Try it —
Below are the records; print exactly the lines from the one with "Acoustic, volumetric, and" through the last, both included, and leave the pictures out.

Record excerpts —
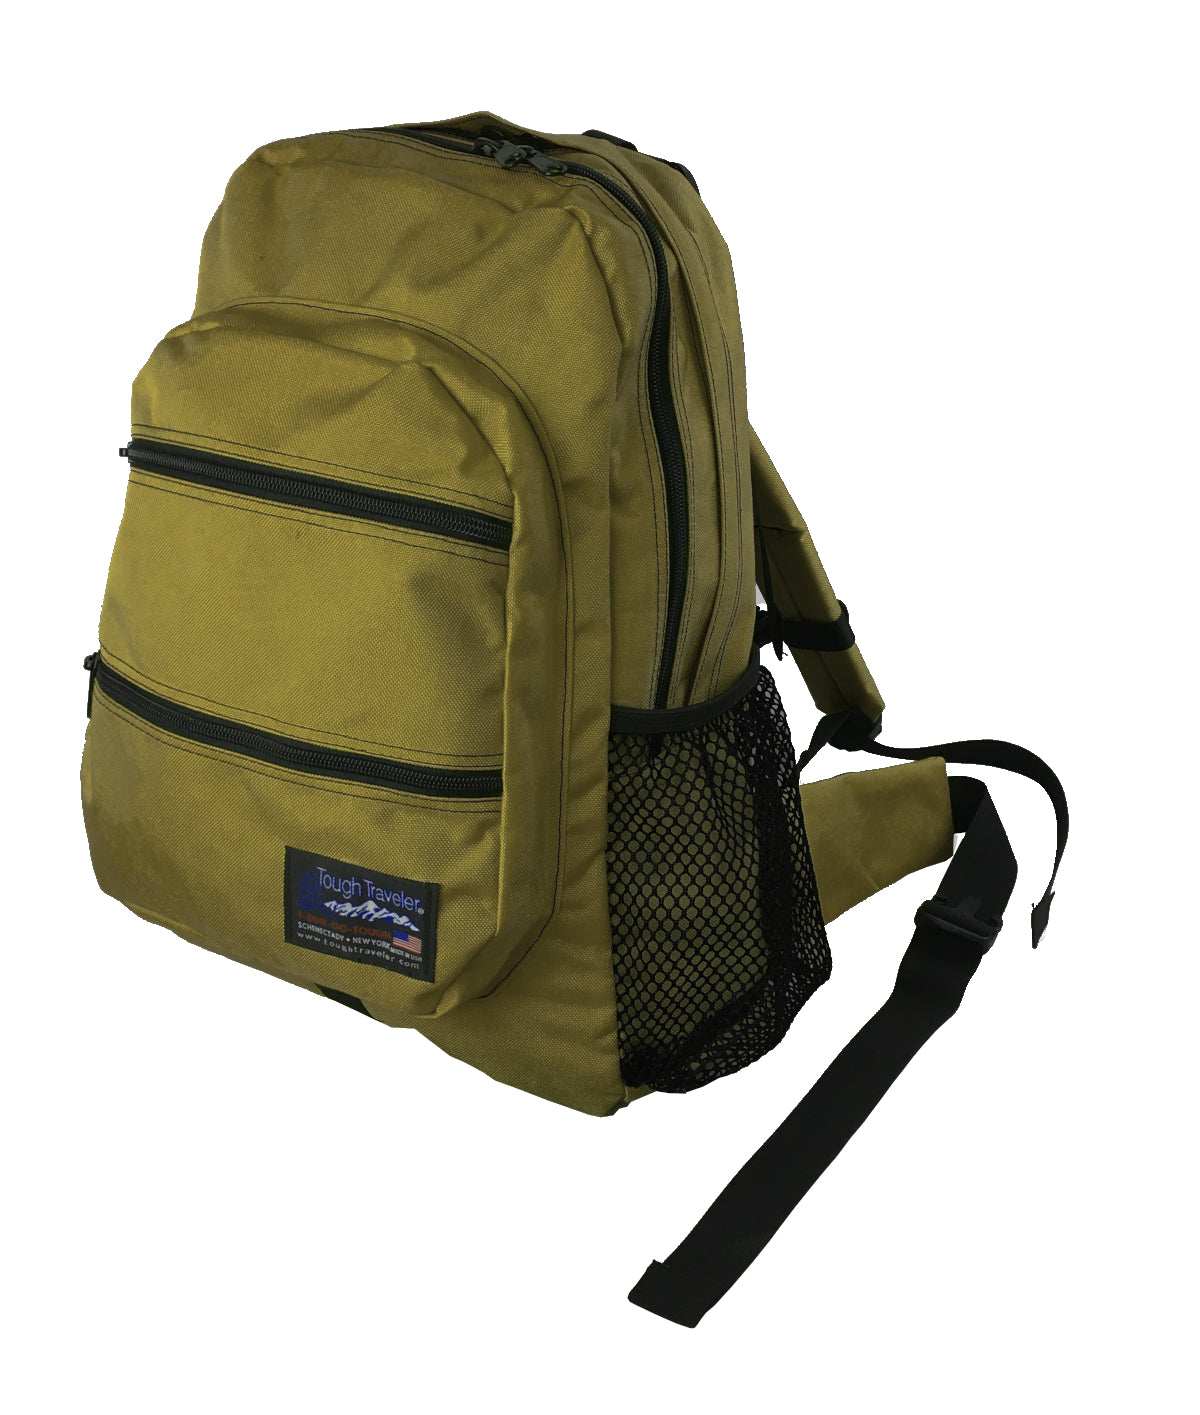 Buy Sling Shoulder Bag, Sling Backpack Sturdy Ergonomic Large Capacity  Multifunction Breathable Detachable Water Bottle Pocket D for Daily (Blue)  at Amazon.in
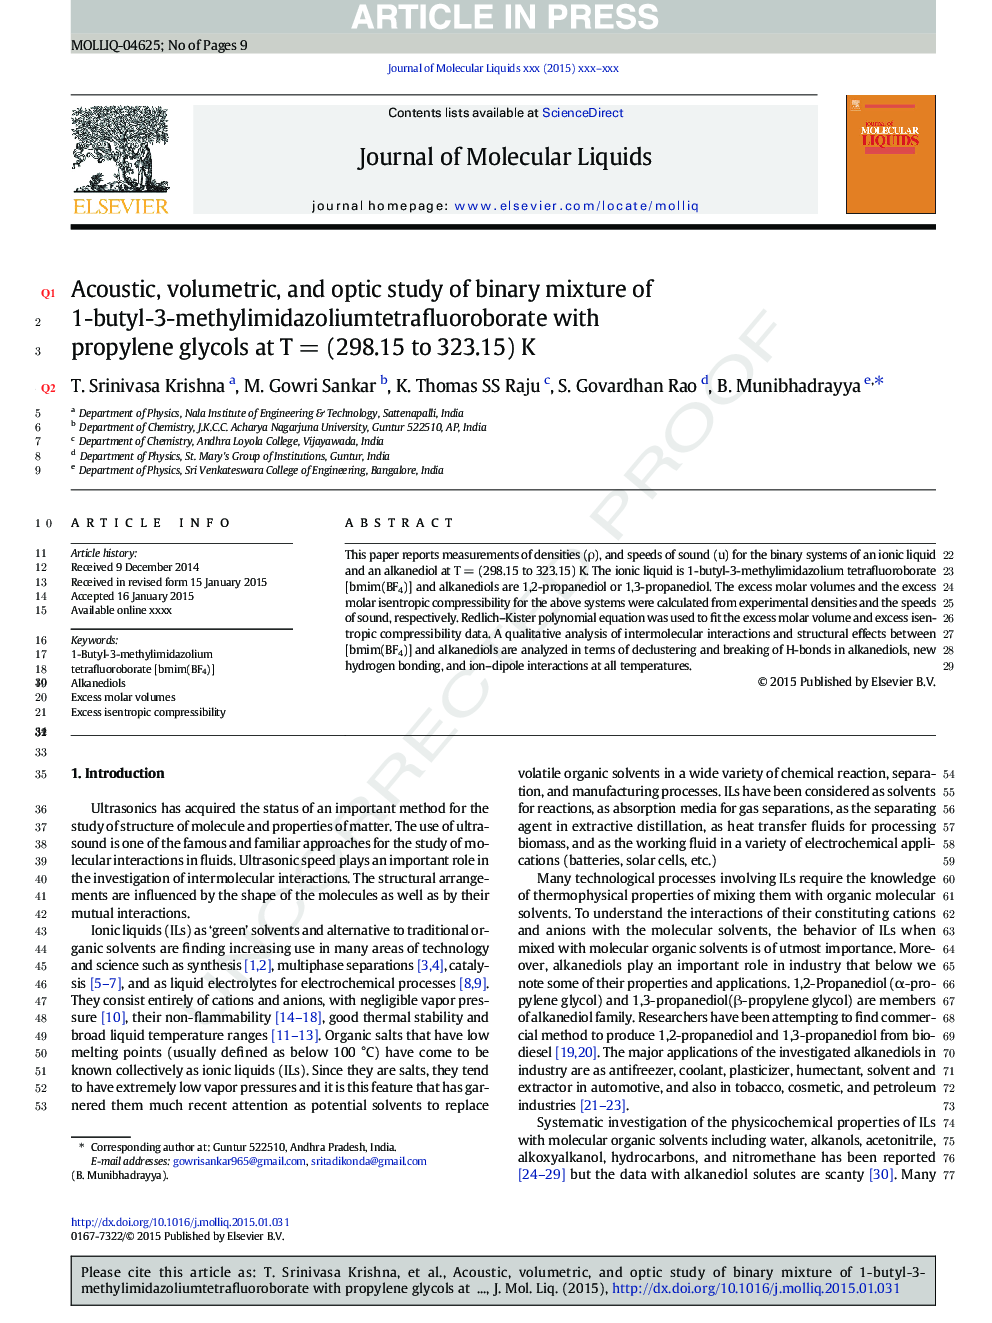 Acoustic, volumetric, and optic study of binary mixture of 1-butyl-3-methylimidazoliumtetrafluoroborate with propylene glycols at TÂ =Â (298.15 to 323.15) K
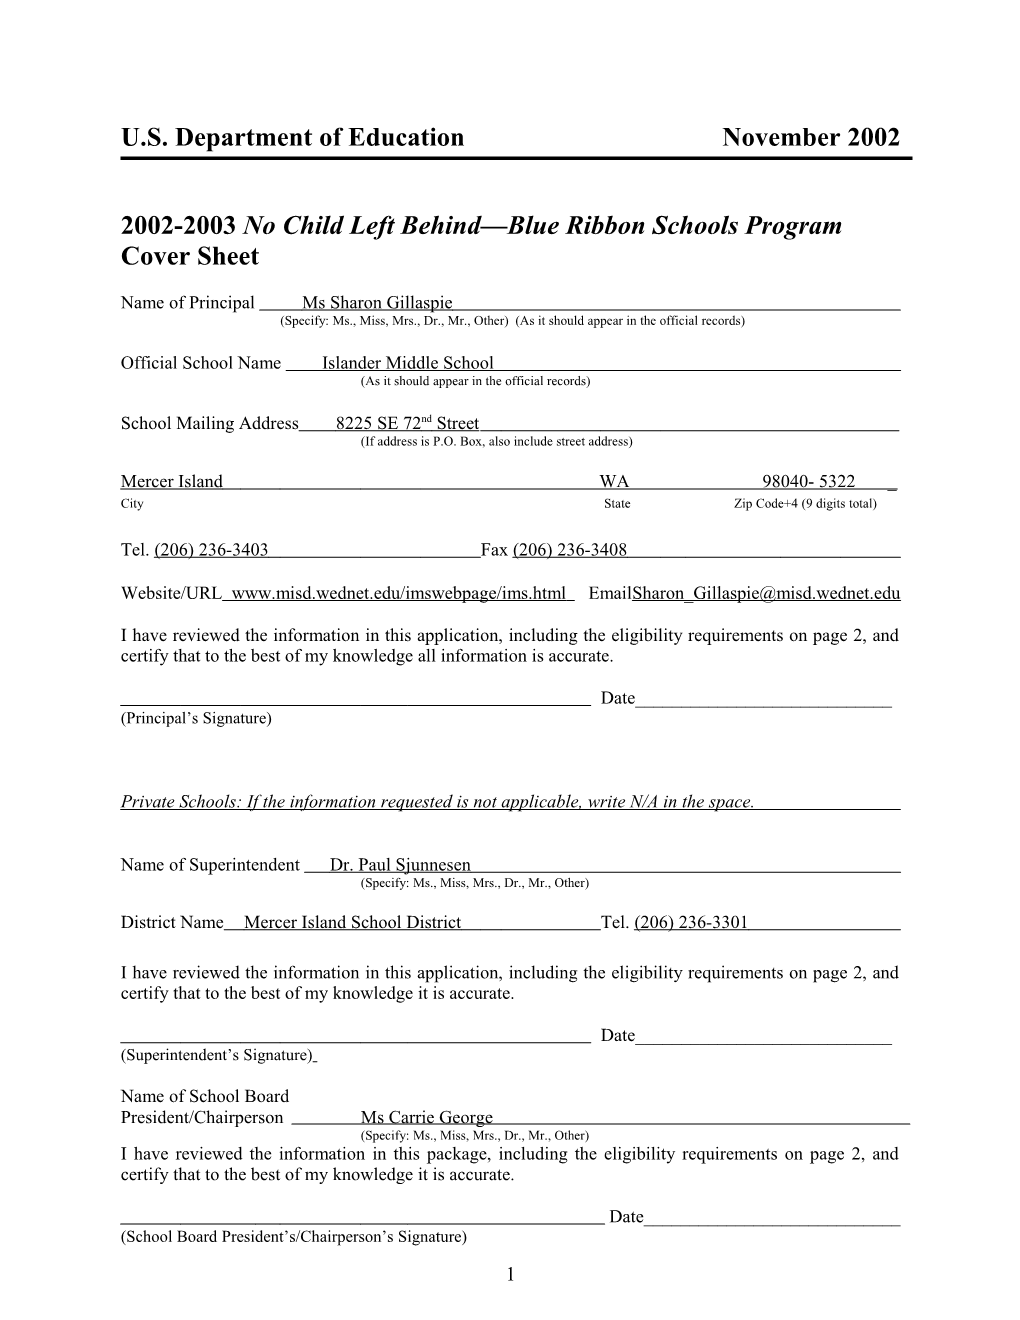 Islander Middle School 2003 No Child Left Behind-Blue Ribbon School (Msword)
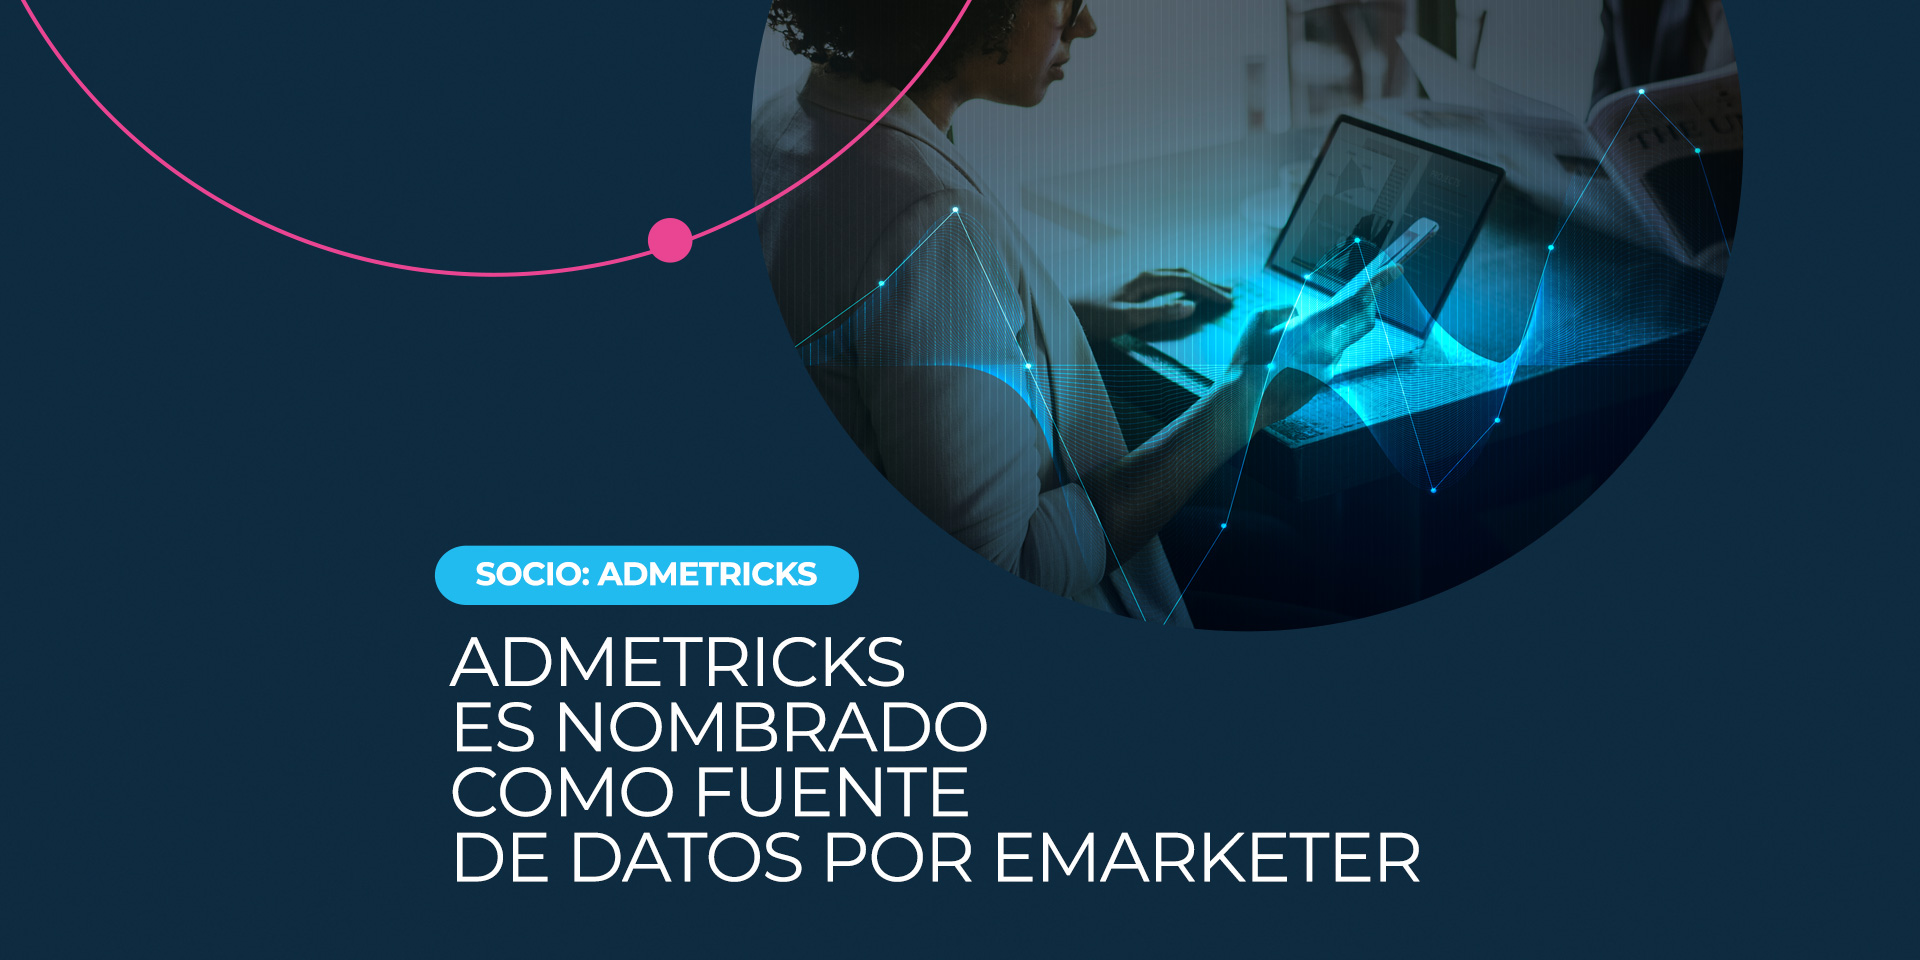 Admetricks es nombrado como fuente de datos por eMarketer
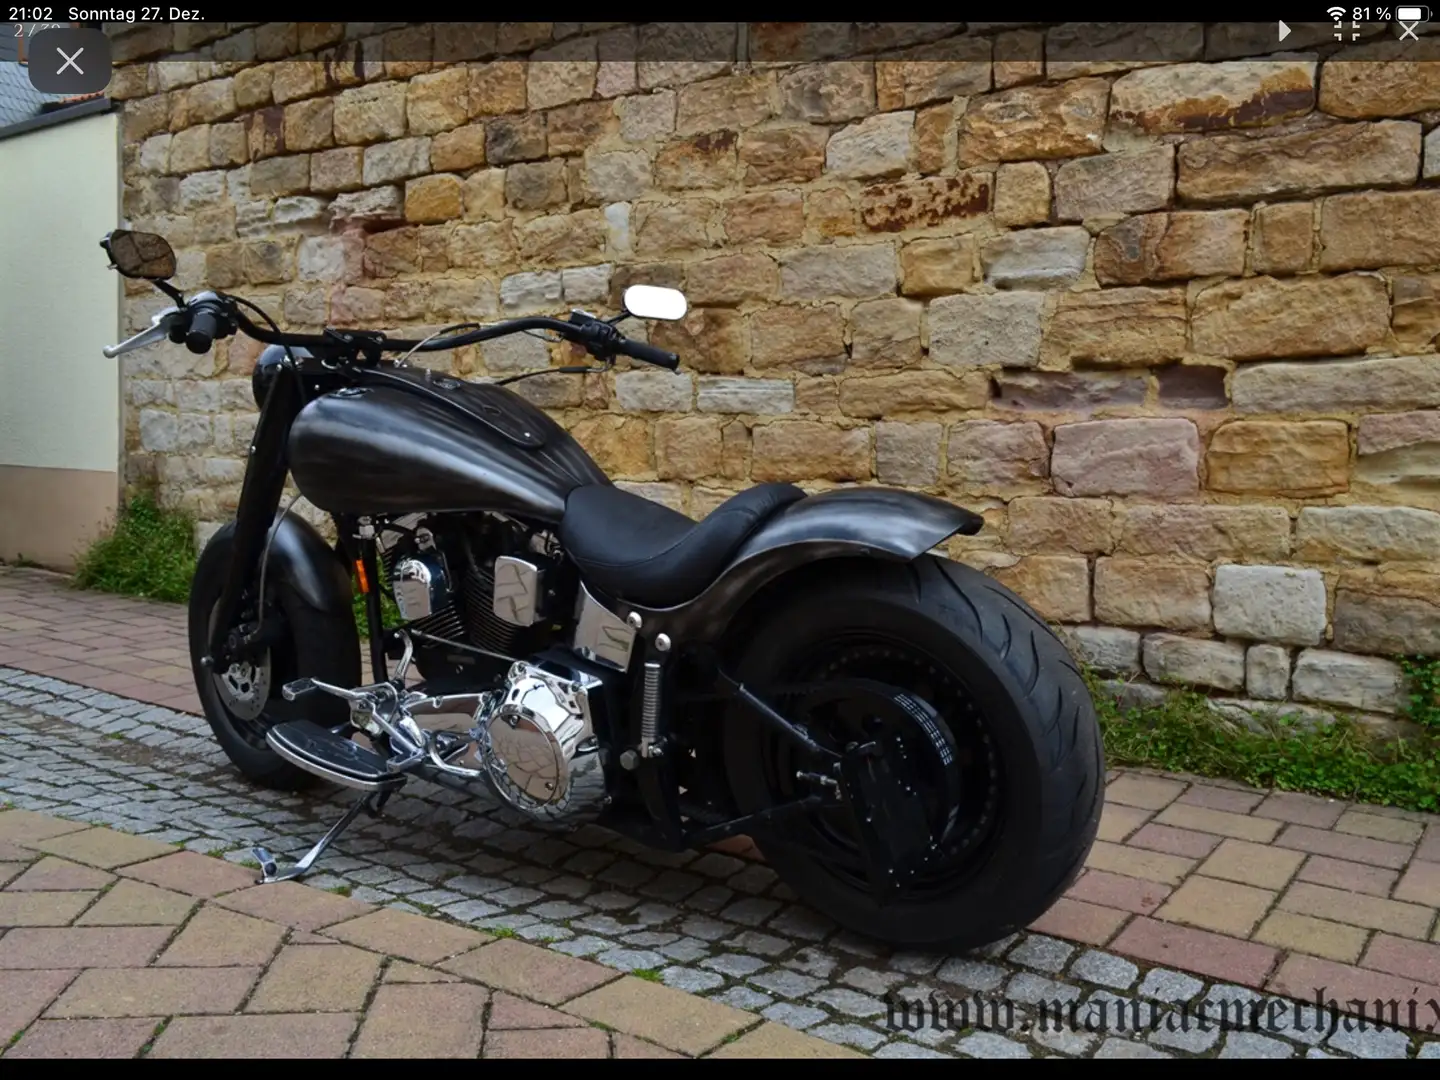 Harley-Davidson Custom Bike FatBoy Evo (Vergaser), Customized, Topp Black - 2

Exercise result —
 Acoustic, volumetric, and optic study of binary mixture of 1-butyl-3-methylimidazoliumtetrafluoroborate with propylene glycols at TÂ =Â (298.15 to 323.15) K
 Islander Middle School 2003 No Child Left Behind-Blue Ribbon School (Msword)
 Admetricks es nombrado como fuente de datos por eMarketer
 Harley-Davidson Custom Bike FatBoy Evo (Vergaser), Customized, Topp Black - 2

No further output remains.